New Delhi: Government is preparing to fight rising inflation from all fronts. While it has taken a number of fiscal measures to improve supplies of essential commodities, particularly food products, the Reserve Bank of India (RBI) will also take measures to help control the price rise.
To start with, a senior banker said, RBI will allow rupee to appreciate. The central has reduced its market intervention since last one week to buy dollar, when the inflation suddenly spurted. For the week ending March 8, the inflation had crossed 5.5% mark. It further rose to 6.68% for the week ending March 15.
As inflation had come down to around 4%, the central bank used to buy dollars, to allow rupee to depreciate from a high of Rs 39.50 in February to Rs 40.77 a dollar by March 17. But as soon as the inflation figure was out, RBI reduced market intervention.

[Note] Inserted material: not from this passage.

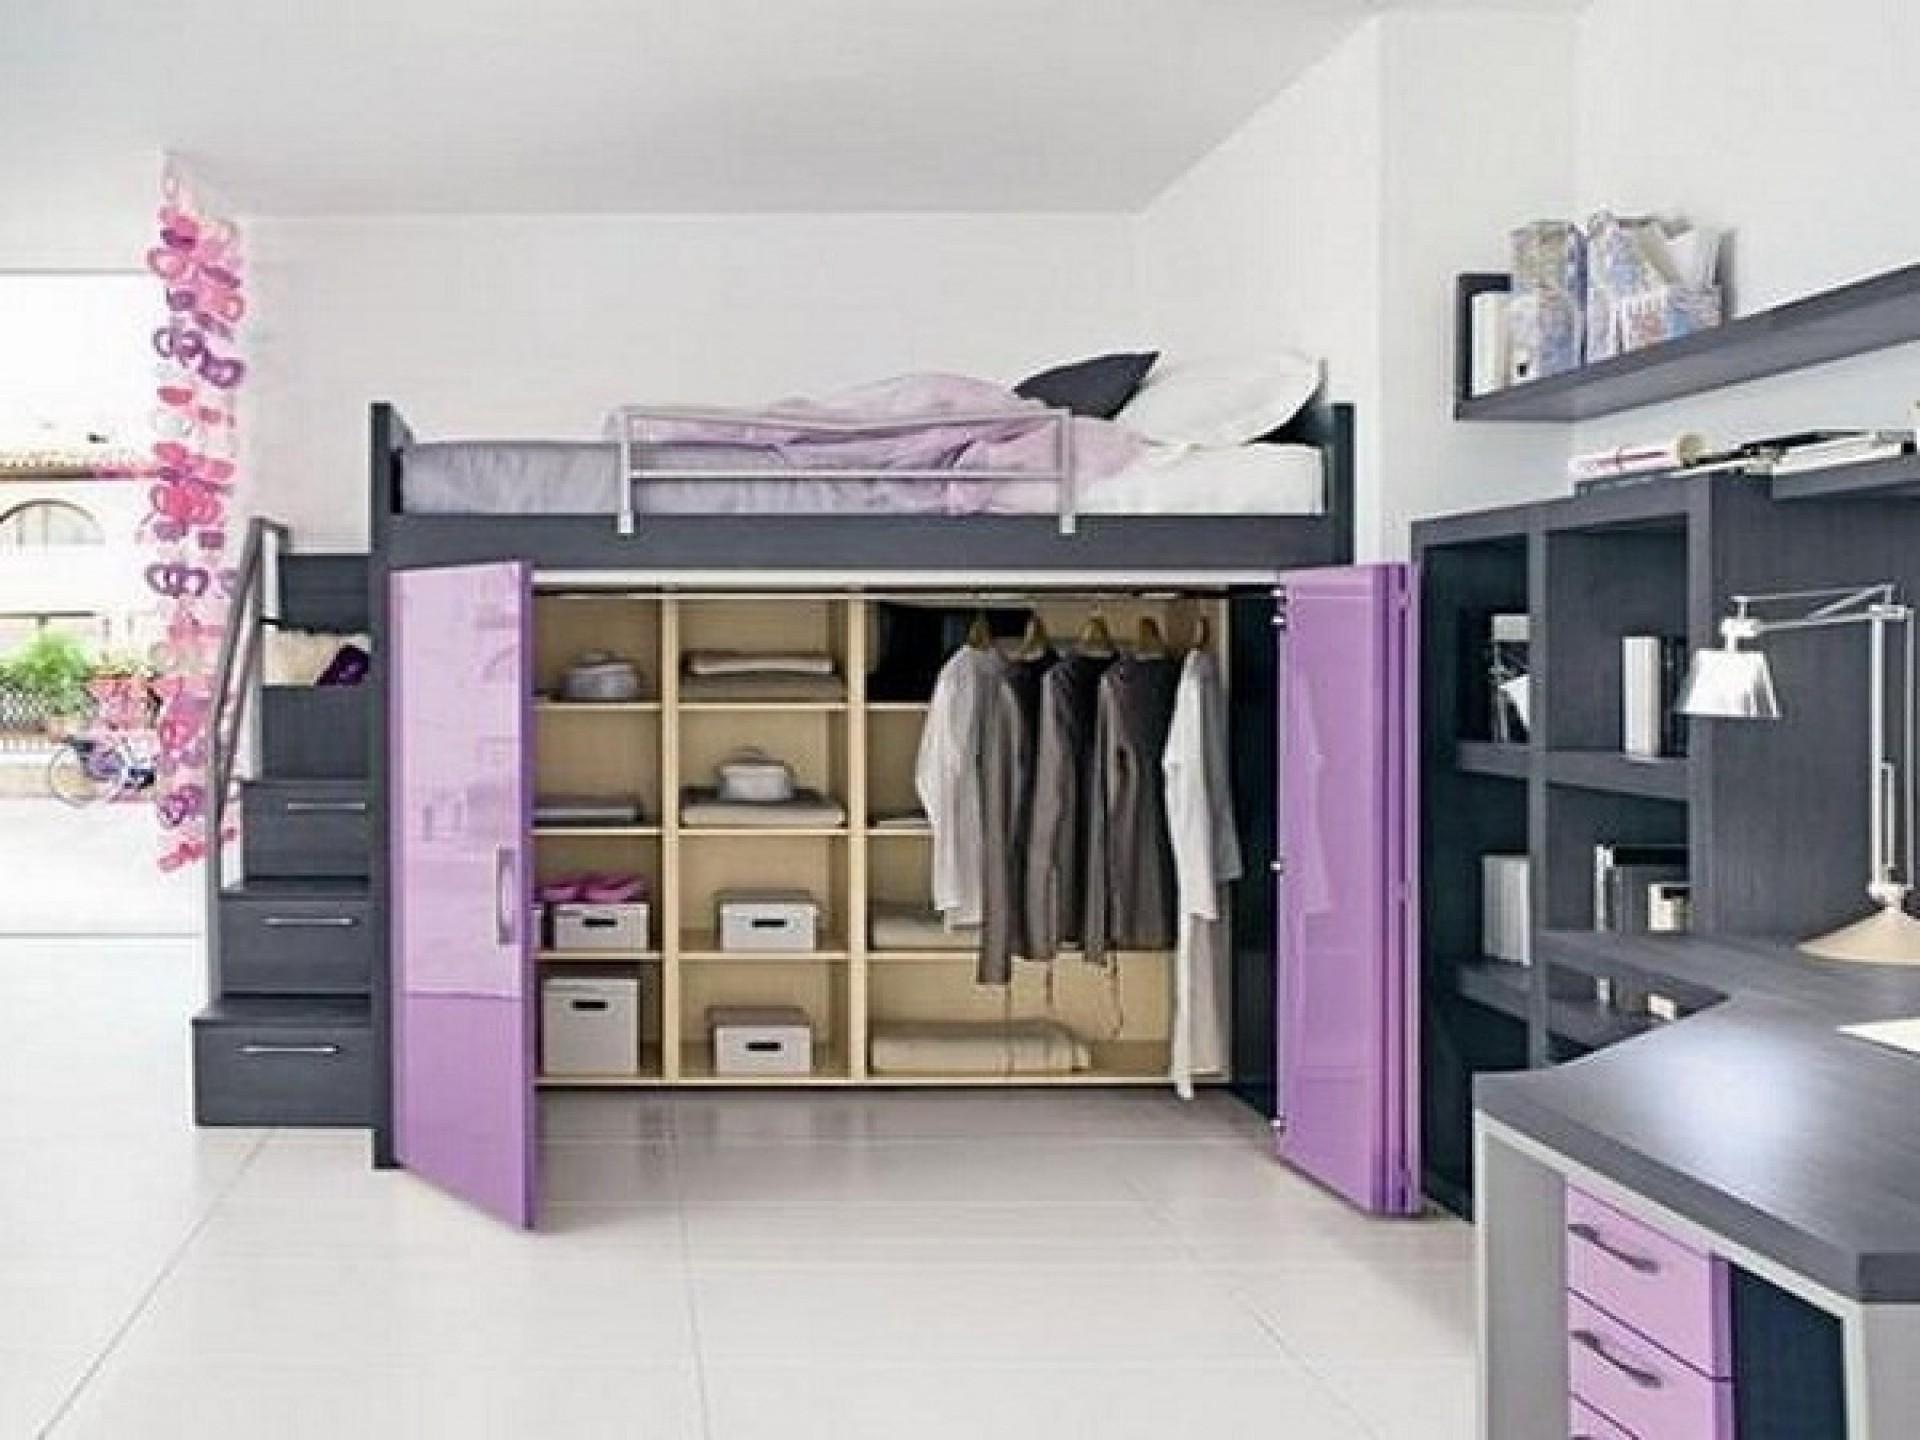 Loft beds with storage underneath & Loft Beds With Storage Underneath - Foter

As RBI reduced purchase of dollar, the US currency started depreciating against rupee. On Monday, as per RBI reference rate, rupee appreciated to 39.97 per dollar. On Tuesday, however, it closed around Rs 40 a dollar.
The appreciation of rupee will help containing inflation as it will bring down price of imported commodities. At present, India wants to buy almost all food articles from the international market to remove supply shortage at home. The government has reduced the import duty on edible oil, pulses and rice to zero. But food prices in the international market are much higher than that in the domestic market.
So, a section of government wants to import commodities at subsidized rates to contain price rise. Rupee appreciation will make it possible as landed price of imported items will come down automatically. This will boost supply at lower price, without forcing government to give a direct subsidy.
RBI’s decision of not buying dollars will reduce liquidity, put upward pressure on interest rates, which in turn will reduce demand. When RBI intervenes in forex market to buy dollar, it infuses rupee. This increases the liquidity, which puts downward pressure on the interest rate. If interest rate falls, it will push inflation, as demand will rise.
But, appreciation of rupee will affect exports. IT companies will be badly hit. But, it seems, they will have to live with it as government and RBI have given price checking the top priority.
However, RBI will not allow rupee to appreciate beyond a point. Lehman Brothers in a report said rupee appreciation will be used to an extent only to reduce the imported content of inflation, as sharp appreciation will affect exporters.